WHAT NEEDS TO BE DONE:
In the records below, find the line containing "シャキーン♪星,回復,特殊魔法に最適05の未再生の波形" and the line containing "1e49cedf6 coupon code"; please repeat exactly the lines from one to the other, both included, and nothing more.

TASK INPUT:
- - - - -
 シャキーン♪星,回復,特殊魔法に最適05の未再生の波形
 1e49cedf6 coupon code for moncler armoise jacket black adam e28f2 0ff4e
- - - - -
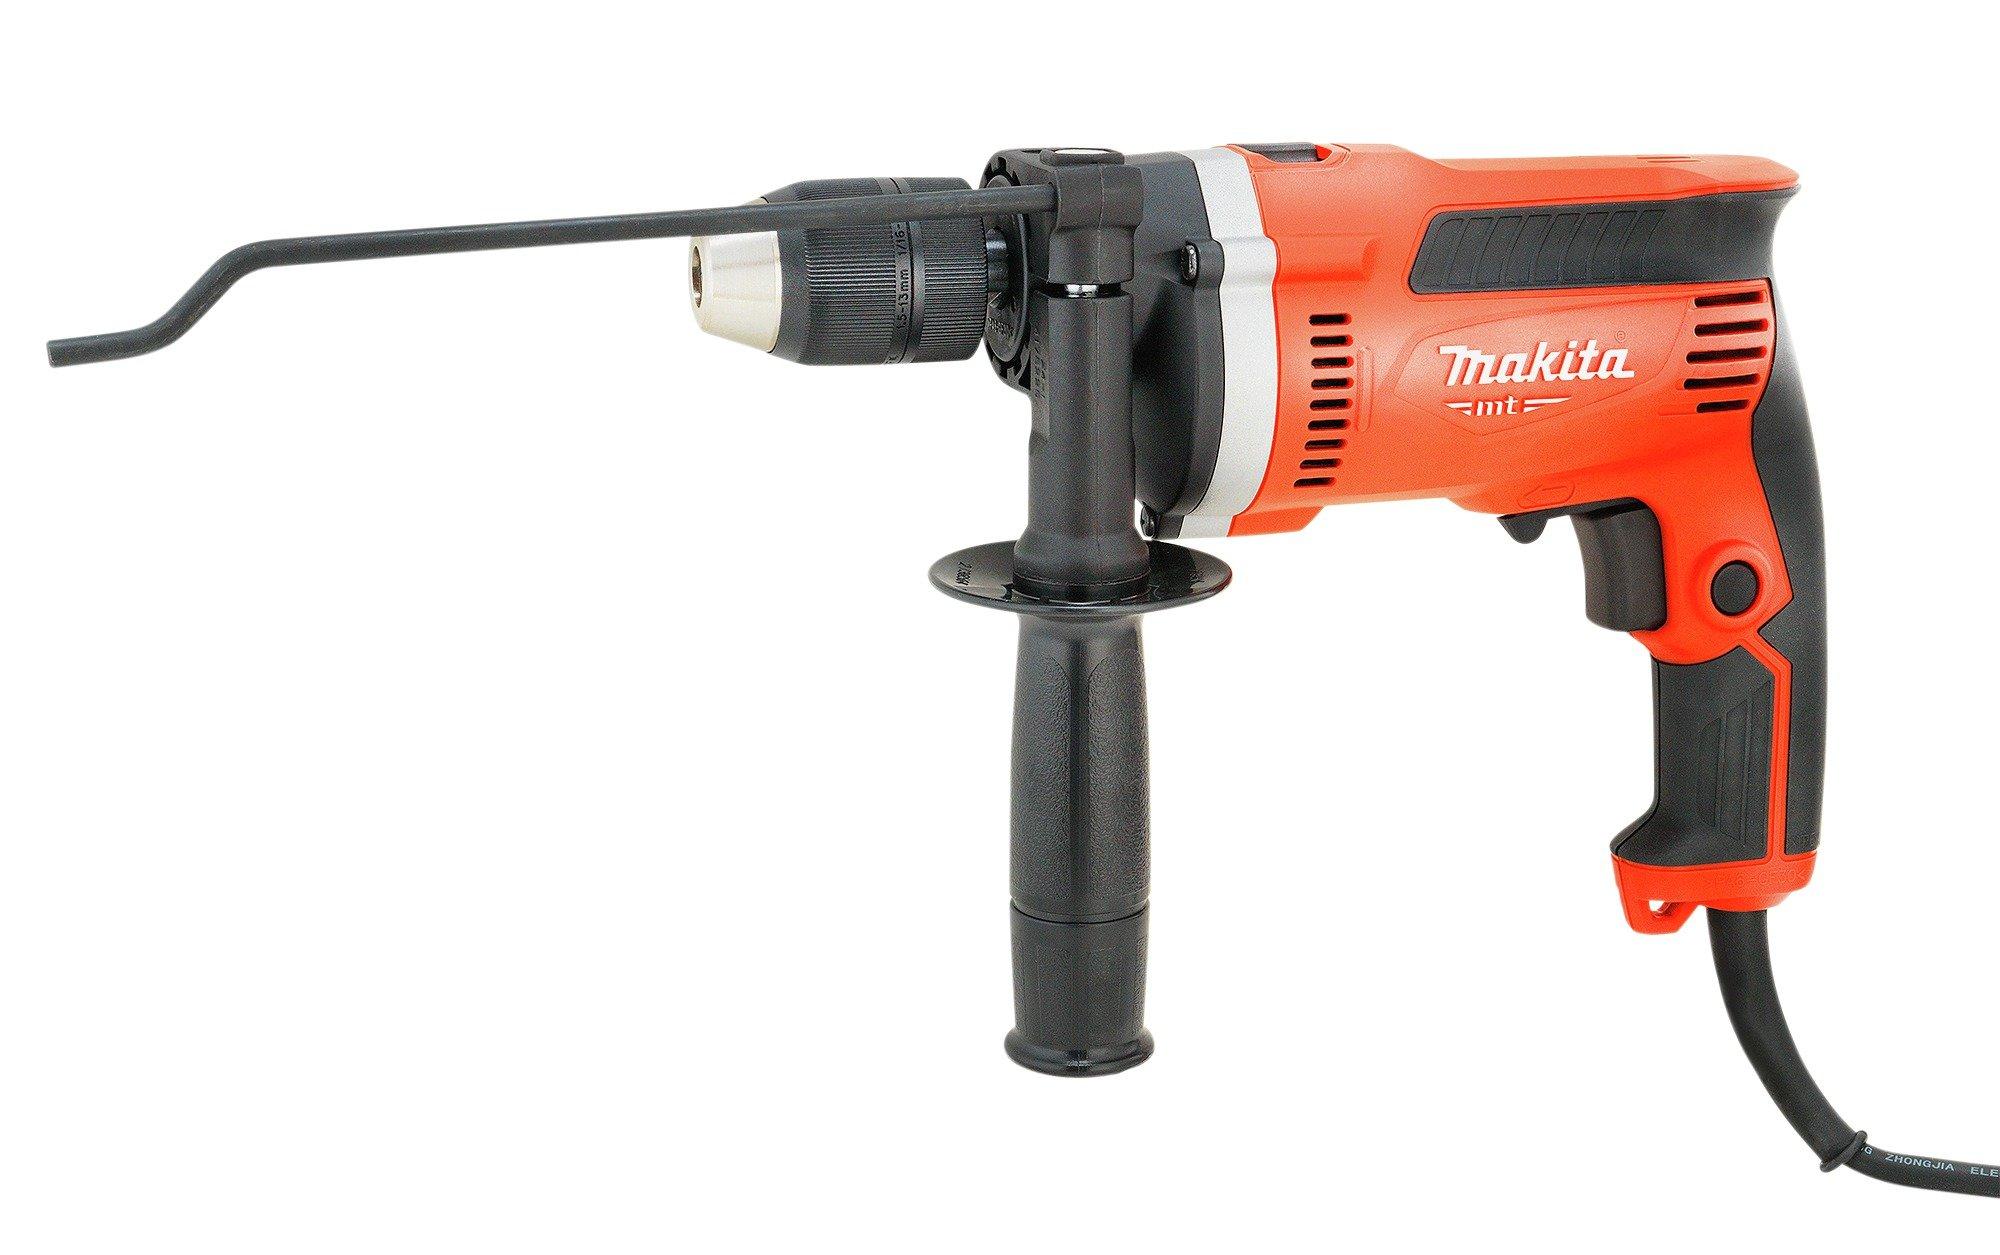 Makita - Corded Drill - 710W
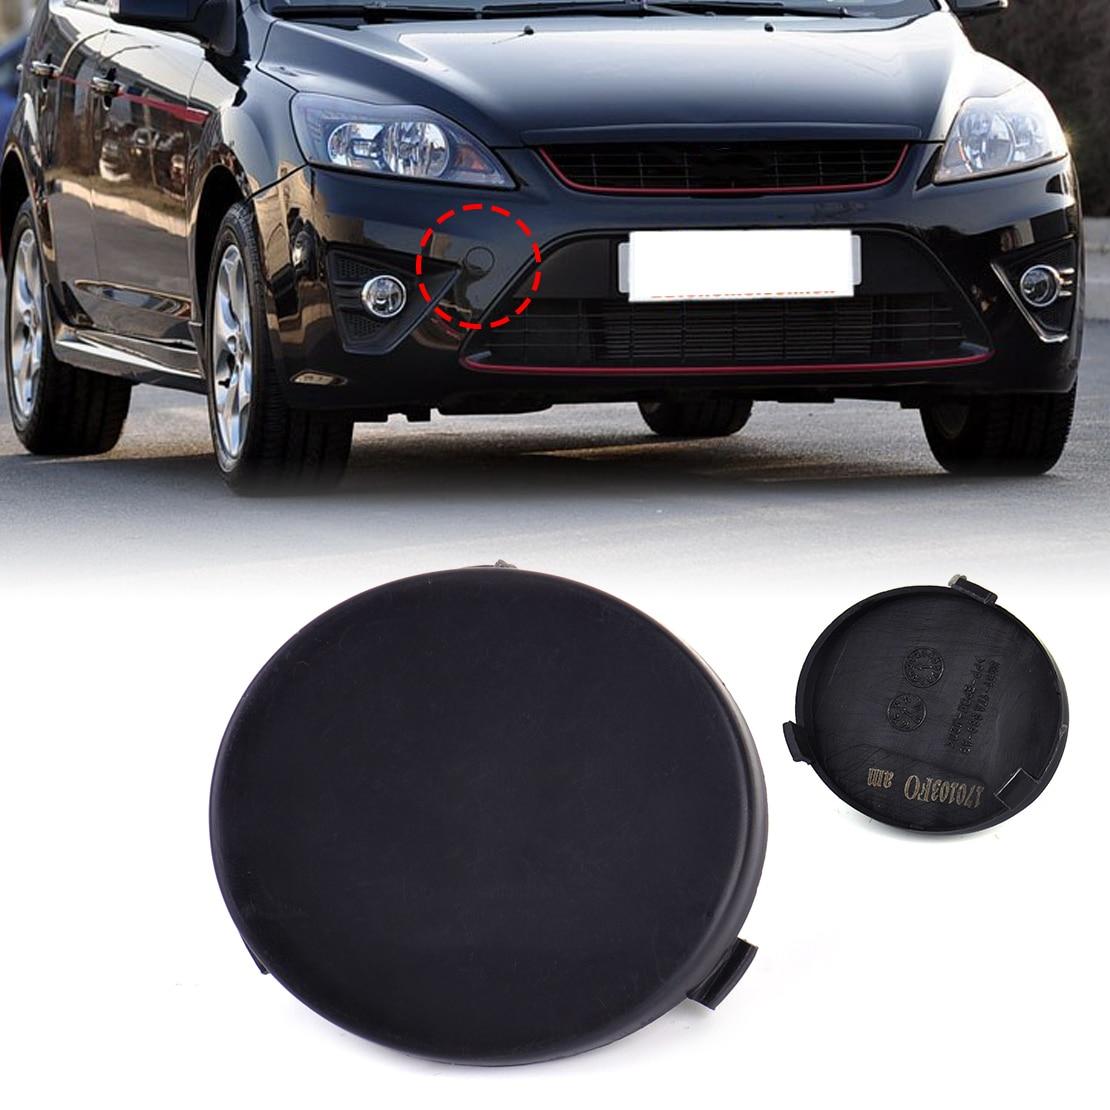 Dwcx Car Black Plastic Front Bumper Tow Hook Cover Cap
- - - - -
RESPONSE BOX:
 シャキーン♪星,回復,特殊魔法に最適05の未再生の波形
 1e49cedf6 coupon code for moncler armoise jacket black adam e28f2 0ff4e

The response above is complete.